Last-Iterate Convergence Properties of Regret-Matching Algorithms in Games

Yang Cai,Gabriele Farina,Julien Grand-Clément,Christian Kroer,Chung-Wei Lee,Haipeng Luo,Weiqiang Zheng
2023-11-02
Abstract:Algorithms based on regret matching, specifically regret matching$^+$ (RM$^+$), and its variants are the most popular approaches for solving large-scale two-player zero-sum games in practice. Unlike algorithms such as optimistic gradient descent ascent, which have strong last-iterate and ergodic convergence properties for zero-sum games, virtually nothing is known about the last-iterate properties of regret-matching algorithms. Given the importance of last-iterate convergence for numerical optimization reasons and relevance as modeling real-word learning in games, in this paper, we study the last-iterate convergence properties of various popular variants of RM$^+$. First, we show numerically that several practical variants such as simultaneous RM$^+$, alternating RM$^+$, and simultaneous predictive RM$^+$, all lack last-iterate convergence guarantees even on a simple $3\times 3$ game. We then prove that recent variants of these algorithms based on a smoothing technique do enjoy last-iterate convergence: we prove that extragradient RM$^{+}$ and smooth Predictive RM$^+$ enjoy asymptotic last-iterate convergence (without a rate) and $1/\sqrt{t}$ best-iterate convergence. Finally, we introduce restarted variants of these algorithms, and show that they enjoy linear-rate last-iterate convergence.
Computer Science and Game Theory,Machine Learning
What problem does this paper attempt to address?

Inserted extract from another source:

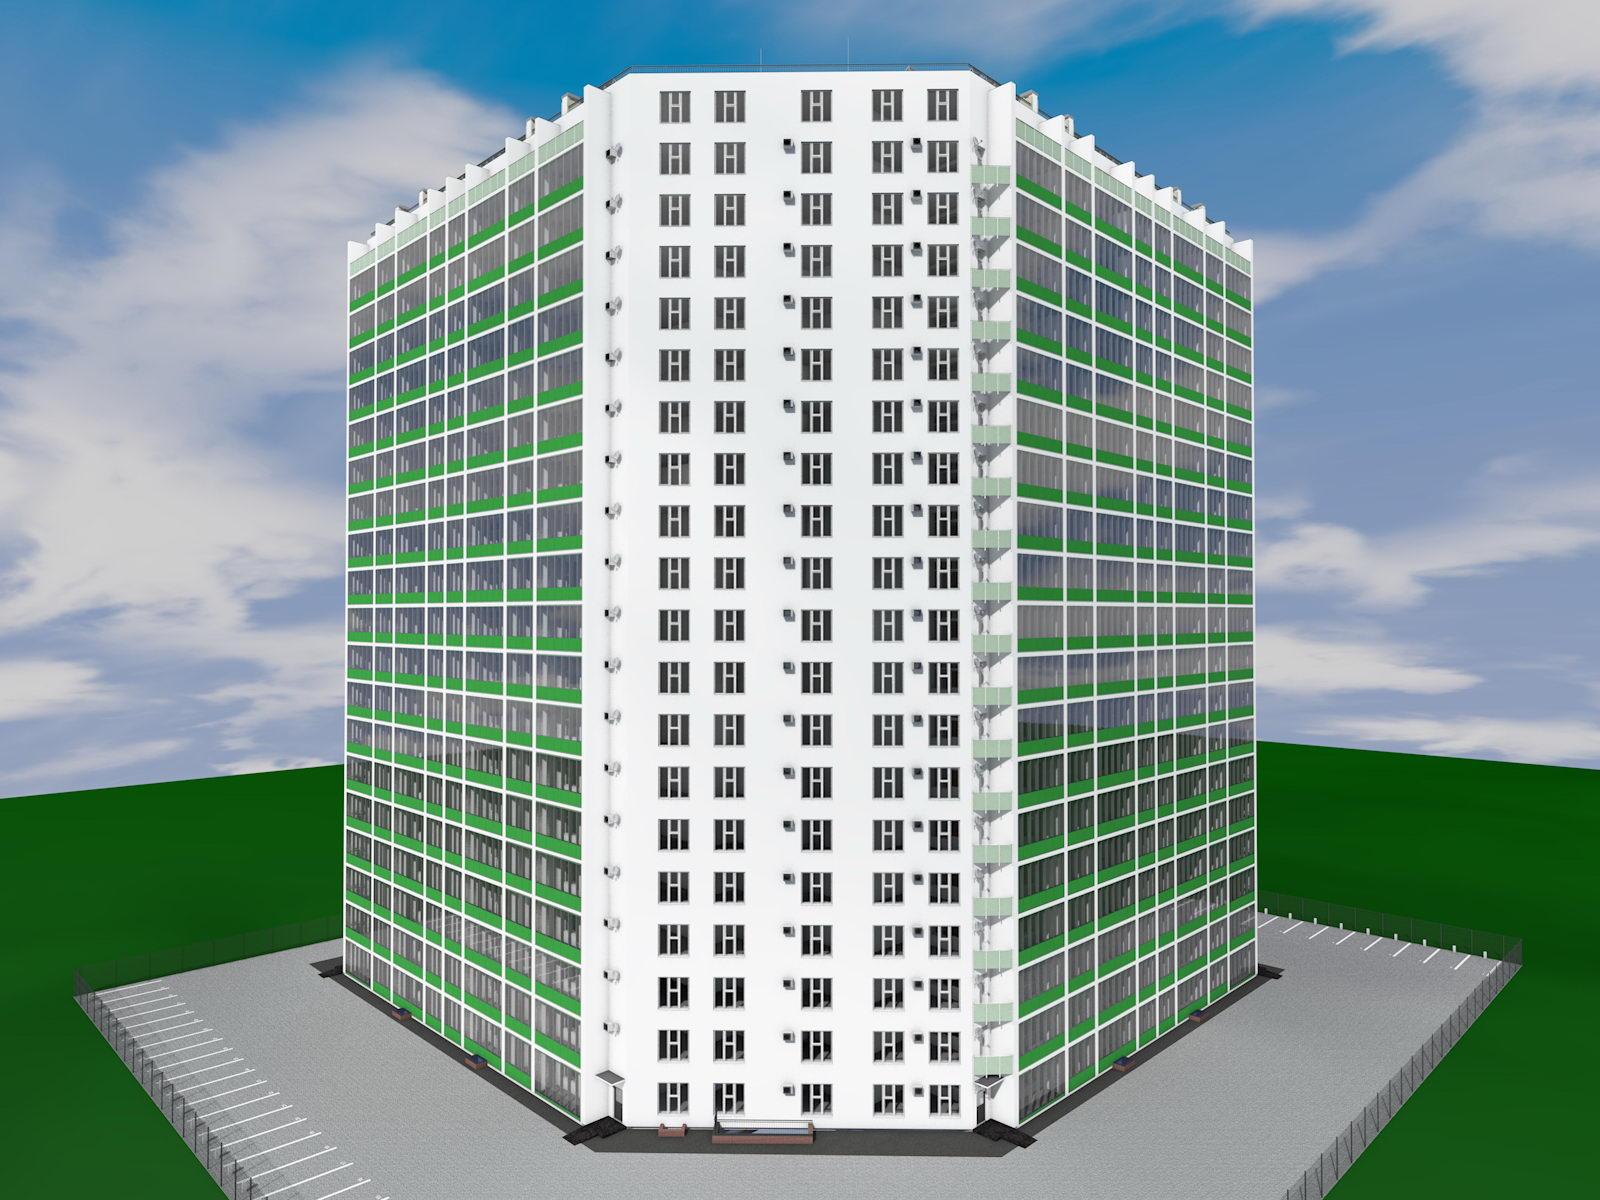 На Парковом может появиться девятнадцатиэтажный жилой комплекс

The problem that this paper attempts to solve is related to the last - iterate convergence of the Regret Matching (RM+ ) algorithm and its variants in games. Specifically, the research objectives include: 1. **Explore the last - iterate behavior of existing RM+ and its variants**: The paper shows through numerical experiments that several popular RM+ variants (such as Simultaneous RM+, Alternating RM+ and Predictive RM+ ) lack last - iterate convergence in simple 3×3 games. 2. **Prove the last - iterate convergence of specific RM+ variants**: The paper proves that recently proposed RM+ variants based on smoothing techniques (such as Extragradient RM+ and Smooth Predictive RM+ ) have last - iterate convergence. Specifically: - ExRM+ and SPRM+ have asymptotic last - iterate convergence (without rate). - The optimal iteration convergence rate is \( O\left(\frac{1}{\sqrt{t}}\right) \). 3. **Introduce a restart mechanism to achieve a linear convergence rate**: The paper introduces restart variants (such as Restart ExRM+ and Restart SPRM+ ) and proves that these variants can achieve a linear last - iterate convergence rate. ### Main problem summary The core problem of this paper is to explore and verify the last - iterate convergence properties of RM+ and its variants when solving zero - sum games. Compared with traditional algorithms such as gradient descent - ascent, RM+ and its variants are very popular in practical applications, but there is less theoretical understanding of their last - iterate convergence. Therefore, this paper aims to fill this theoretical gap and propose improved algorithm variants to ensure better convergence performance. ### Key contributions 1. **Numerical evidence**: Provide numerical evidence that RM+ and its important variants (such as Alternating RM+ and Predictive RM+ ) may not asymptotically converge in the last - iterate. 2. **Theoretical proof**: Prove the asymptotic last - iterate convergence of ExRM+ and SPRM+ and give the convergence rate of the optimal iteration. 3. **Restart mechanism**: Propose ExRM+ and SPRM+ under the restart mechanism and prove their linear last - iterate convergence rate. 4. **Positive results under strict assumptions**: Prove that under the restrictive conditions of strict Nash equilibrium, RM+ does have last - iterate convergence. Through these works, the paper provides an important theoretical basis and practical guidance for understanding and improving regret - matching - based algorithms.